His coastal town is home to Poland's biggest liquefied natural gas (LNG) terminal - which some bill as the country's best shot at energy independence.

Although locals like Józef fear this may make it a target for Russia's unpredictable president, Vladimir Putin.

Up until this year Russia was supplying 40% of the European Union's natural gas, but after the bloody invasion of Ukraine in February everyone in this part of Europe is nervous about supplies from Russia.

The threat is hard to imagine, as we wind along narrow roads through a pine forest that runs along the beach. Shafts of sunlight glint on industrial machinery parked along the way to the terminal.

But Poland is banking heavily on this sleepy, northwestern Baltic port to bail it out of a catastrophic energy fix.

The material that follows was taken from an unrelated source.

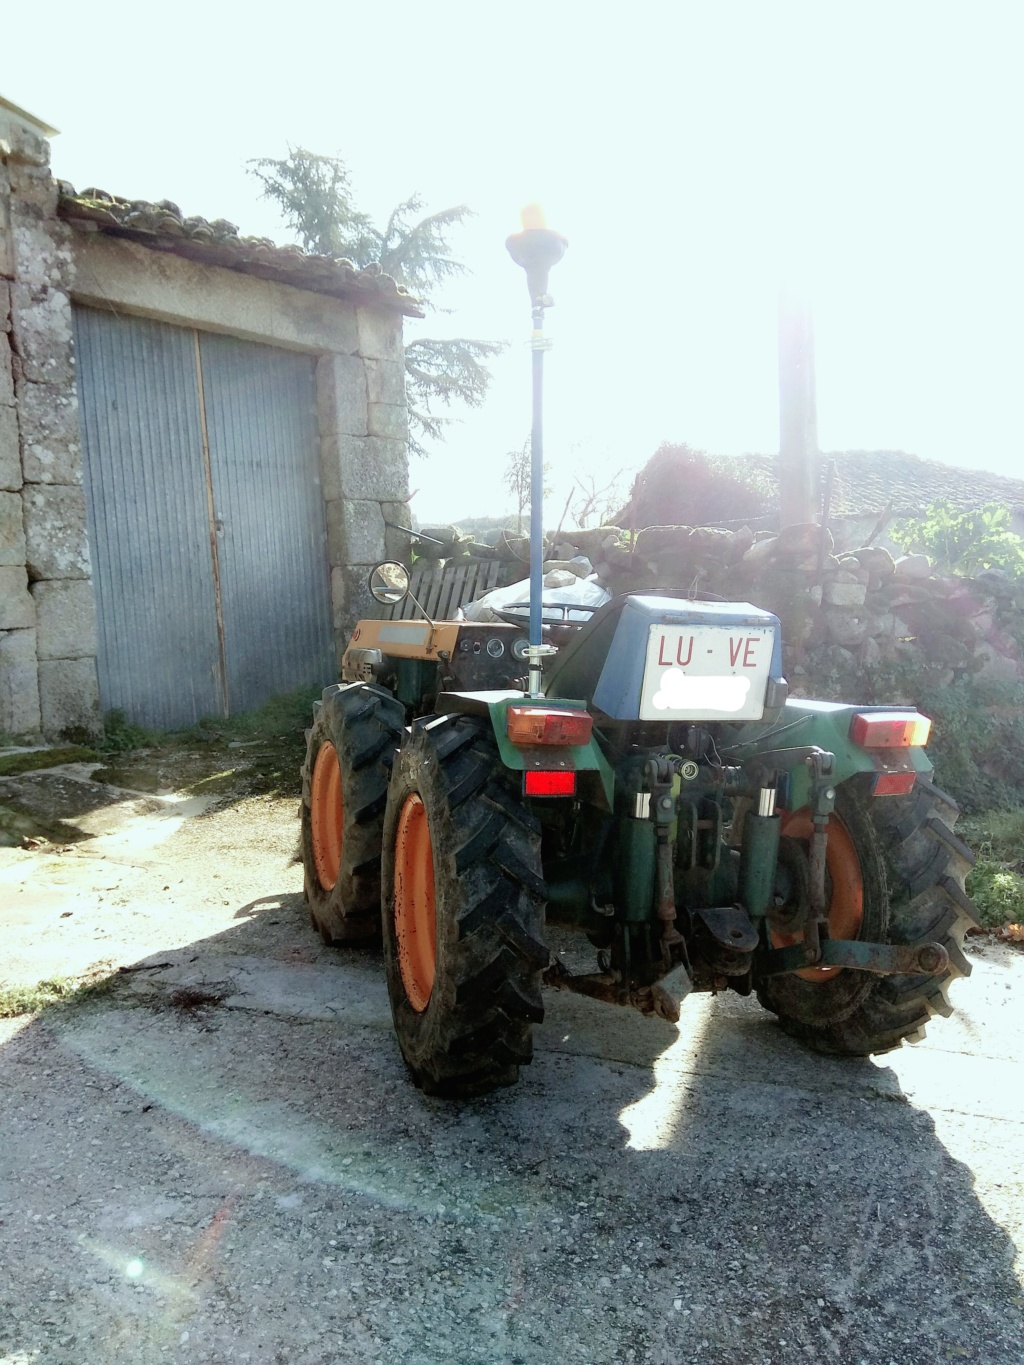 Nuevo en el foro y presentación de mi tractor BJR ME-T 3201 Inkedi11

The Lech Kaczyński terminal is integral to replacing lost Russian gas, after Gazprom halted supplies to Poland in April.

European gas prices have soared in June. Germany has moved one step closer to rationing gas for consumers and Italy joined a host of European countries reporting further cuts in Russian supplies.

Meanwhile, back at the Kaczyński terminal workers are busy laying foundations for a concrete shaft to link a third cylinder to unloading berths about half a kilometre away at the coast.

LNG arrives at the berths on tankers from all over the world - mainly Qatar and the US, but also Norway, and occasionally as far afield as Nigeria or Trinidad and Tobago.